Carter was upset with an item that appeared in a Philadelphia gossip column. It said Carter, Molitor and Blue Jays catcher Pat Borders spent about an hour Monday night (an off day) at a nightclub that isn't listed in the family entertainment section of the telephone book.

The report apparently was based on a "tip" by a cab driver. Borders also expressed concern, especially because he and former teammate David Wells have been victims of impersonators in the past.

The three players said they spent Monday night with their families.

The Fame game

Carter said he thought four of his teammates could be candidates for the Hall of Fame.

"I think Rickey Henderson will definitely be there," said Carter. "Molitor has a great chance, [Dave] Stewart has some incredible num

bers and Robbie Alomar is only 23 -- I think he has a great chance.

"But if you ask the guys, that's not what they play for -- they play for the love of the game. When you're playing, I guarantee you no one is thinking about the Hall of Fame."

Carter failed to mention himself in the discussion. His credentials include driving in 100 runs or more in seven of the past eight seasons, getting 98 in the other.

Dykstra's power

Len Dykstra became the fourth player in World Series history to hit two home runs in a losing cause.

The other three were Willie Aikens (Kansas City, 1980), Mickey Mantle (Yankees, 1958) and Duke Snider (Dodgers, 1952).

With nine career postseason home runs, Dykstra leads all active players. He is tied for 17th on the all-time World Series list with five.

DeJesus files grievance

Right-hander Jose DeJesus has filed a grievance against the Phillies, claiming he was injured when his contract was assigned outright to Triple-A Scranton/Wilkes-Barre on Aug. 3.

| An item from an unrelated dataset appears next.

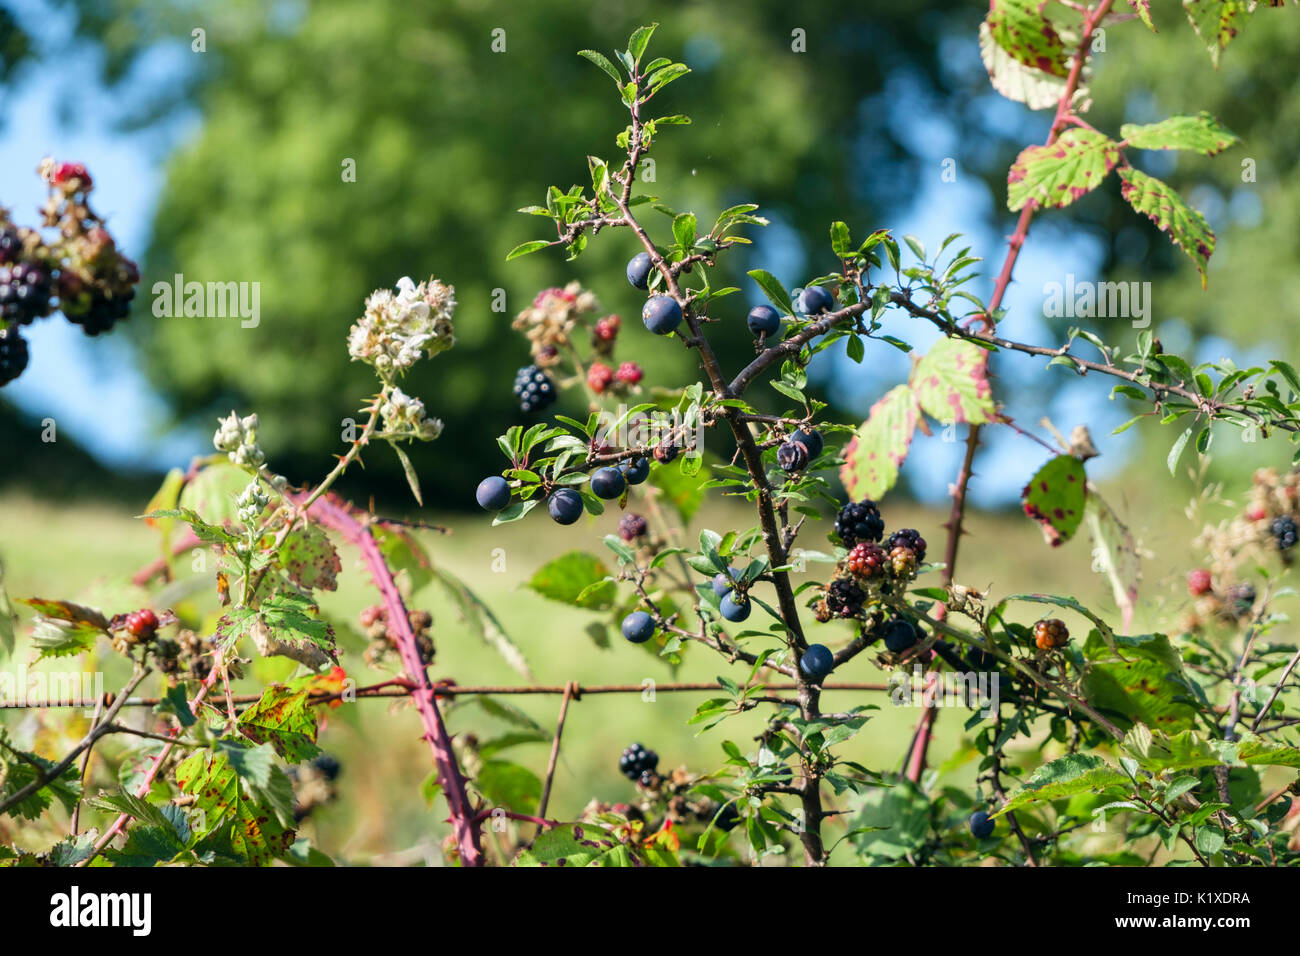 Pruno selvatico (Prunus spinosa prugnoli e More (Rubus fruticosus) in crescita in un paese siepe recinzione in tarda estate. Wales UK Gran Bretagna Foto Stock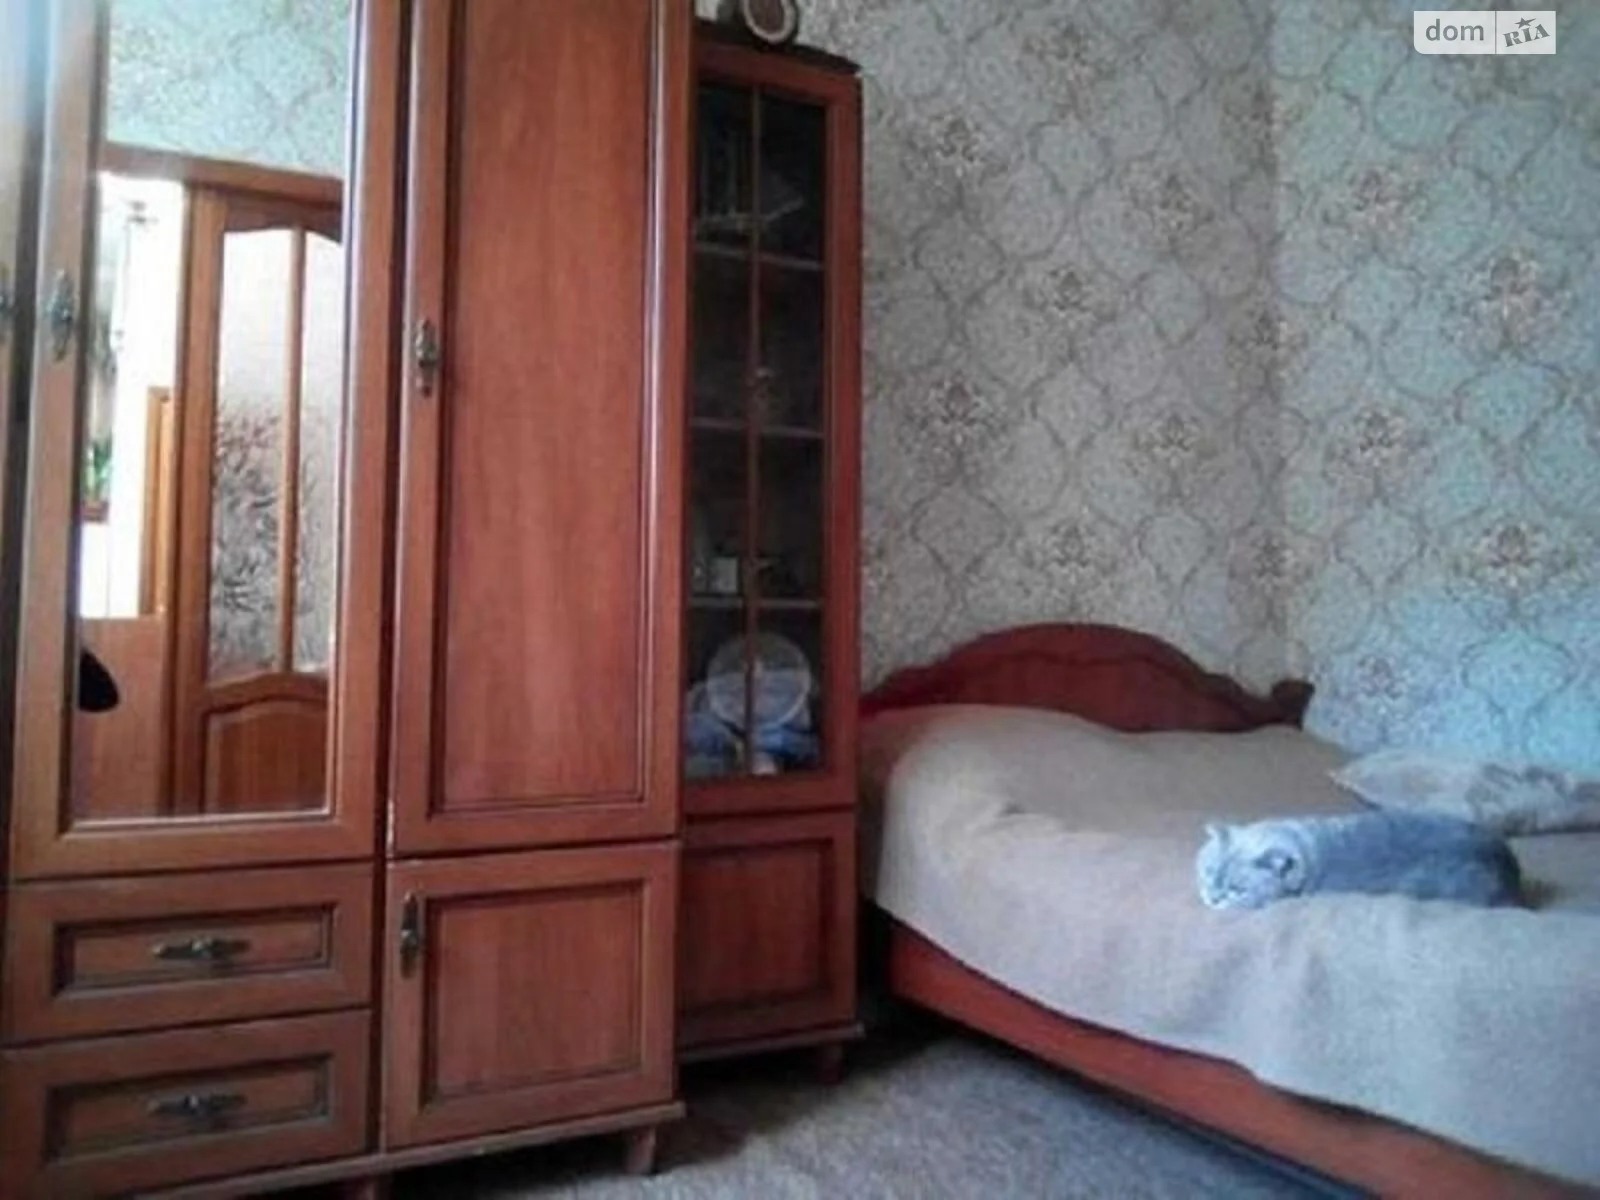 Продается комната 30 кв. м в Одессе, цена: 33000 $ - фото 1

He is seeking reinstatement to the major-league disabled list, plus service time from the day he was sent to the minors until the end of the season.

Miscellaneous

Henderson has batted leadoff in 14 World Series games. In those games he has a .471 on-base percentage and a .308 batting average, with two singles, a double, a home run and four walks. . . . When Philadelphia starter Tommy Greene and Toronto reliever Al Leiter hit safely in Game 4, it was the first time opposing pitchers have done that in a World Series game since Ken Holtzman (Athletics) and Andy Messersmith (Dodgers) on Oct. 12, 1974. . . . The five RBI by Tony Fernandez and Thompson in Game 4 were one shy of the single-game record set by Yankees second baseman Bobby Richardson in Game 3 in 1960. Fernandez and Thompson became the 14th and 15th players to drive in five in a World Series game.